[Records drawn from a dataset]
────────────────────────────────────────

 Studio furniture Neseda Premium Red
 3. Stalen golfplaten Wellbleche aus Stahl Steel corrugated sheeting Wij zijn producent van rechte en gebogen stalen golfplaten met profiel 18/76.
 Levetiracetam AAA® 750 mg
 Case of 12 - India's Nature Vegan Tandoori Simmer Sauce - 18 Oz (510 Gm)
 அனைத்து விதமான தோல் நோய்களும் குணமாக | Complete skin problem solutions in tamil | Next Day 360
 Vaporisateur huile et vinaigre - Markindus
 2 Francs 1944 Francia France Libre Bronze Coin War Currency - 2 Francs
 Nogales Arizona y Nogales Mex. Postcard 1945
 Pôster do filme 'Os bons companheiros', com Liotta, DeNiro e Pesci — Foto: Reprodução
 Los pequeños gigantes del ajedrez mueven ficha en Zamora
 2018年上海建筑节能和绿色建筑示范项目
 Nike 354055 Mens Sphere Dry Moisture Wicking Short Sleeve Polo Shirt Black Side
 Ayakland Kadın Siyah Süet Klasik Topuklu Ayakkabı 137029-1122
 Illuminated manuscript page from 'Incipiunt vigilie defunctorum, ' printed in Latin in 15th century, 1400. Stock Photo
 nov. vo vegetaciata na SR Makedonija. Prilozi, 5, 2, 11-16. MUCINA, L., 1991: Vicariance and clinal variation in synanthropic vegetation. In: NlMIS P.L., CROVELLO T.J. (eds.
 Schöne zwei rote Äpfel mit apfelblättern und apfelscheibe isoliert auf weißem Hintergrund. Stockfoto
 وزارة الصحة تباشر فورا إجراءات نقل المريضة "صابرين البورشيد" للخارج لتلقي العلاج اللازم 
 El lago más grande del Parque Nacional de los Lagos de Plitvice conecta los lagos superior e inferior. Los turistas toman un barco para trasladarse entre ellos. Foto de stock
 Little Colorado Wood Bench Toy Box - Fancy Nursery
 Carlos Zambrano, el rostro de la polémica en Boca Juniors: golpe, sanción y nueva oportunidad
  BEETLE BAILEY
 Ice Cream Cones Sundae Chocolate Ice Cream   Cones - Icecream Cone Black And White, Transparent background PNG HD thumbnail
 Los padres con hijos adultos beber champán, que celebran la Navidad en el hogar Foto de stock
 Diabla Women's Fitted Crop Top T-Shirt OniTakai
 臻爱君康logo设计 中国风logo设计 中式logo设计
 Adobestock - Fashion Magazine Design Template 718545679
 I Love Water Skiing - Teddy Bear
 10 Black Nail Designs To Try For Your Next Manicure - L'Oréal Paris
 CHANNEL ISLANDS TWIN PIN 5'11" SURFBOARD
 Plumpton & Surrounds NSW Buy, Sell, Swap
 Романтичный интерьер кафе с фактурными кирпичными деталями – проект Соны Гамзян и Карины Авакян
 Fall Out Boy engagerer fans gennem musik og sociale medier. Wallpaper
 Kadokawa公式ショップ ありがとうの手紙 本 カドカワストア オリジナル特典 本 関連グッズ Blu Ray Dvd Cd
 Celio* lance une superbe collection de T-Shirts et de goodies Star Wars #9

────────────────────────────────────────

§ Your objective
Using the records above, write out exactly the lines from the one containing "Plumpton & Surrounds NSW Buy, Sell, Swap" through the last, and add nothing.

§ Answer box
 Plumpton & Surrounds NSW Buy, Sell, Swap
 Романтичный интерьер кафе с фактурными кирпичными деталями – проект Соны Гамзян и Карины Авакян
 Fall Out Boy engagerer fans gennem musik og sociale medier. Wallpaper
 Kadokawa公式ショップ ありがとうの手紙 本 カドカワストア オリジナル特典 本 関連グッズ Blu Ray Dvd Cd
 Celio* lance une superbe collection de T-Shirts et de goodies Star Wars #9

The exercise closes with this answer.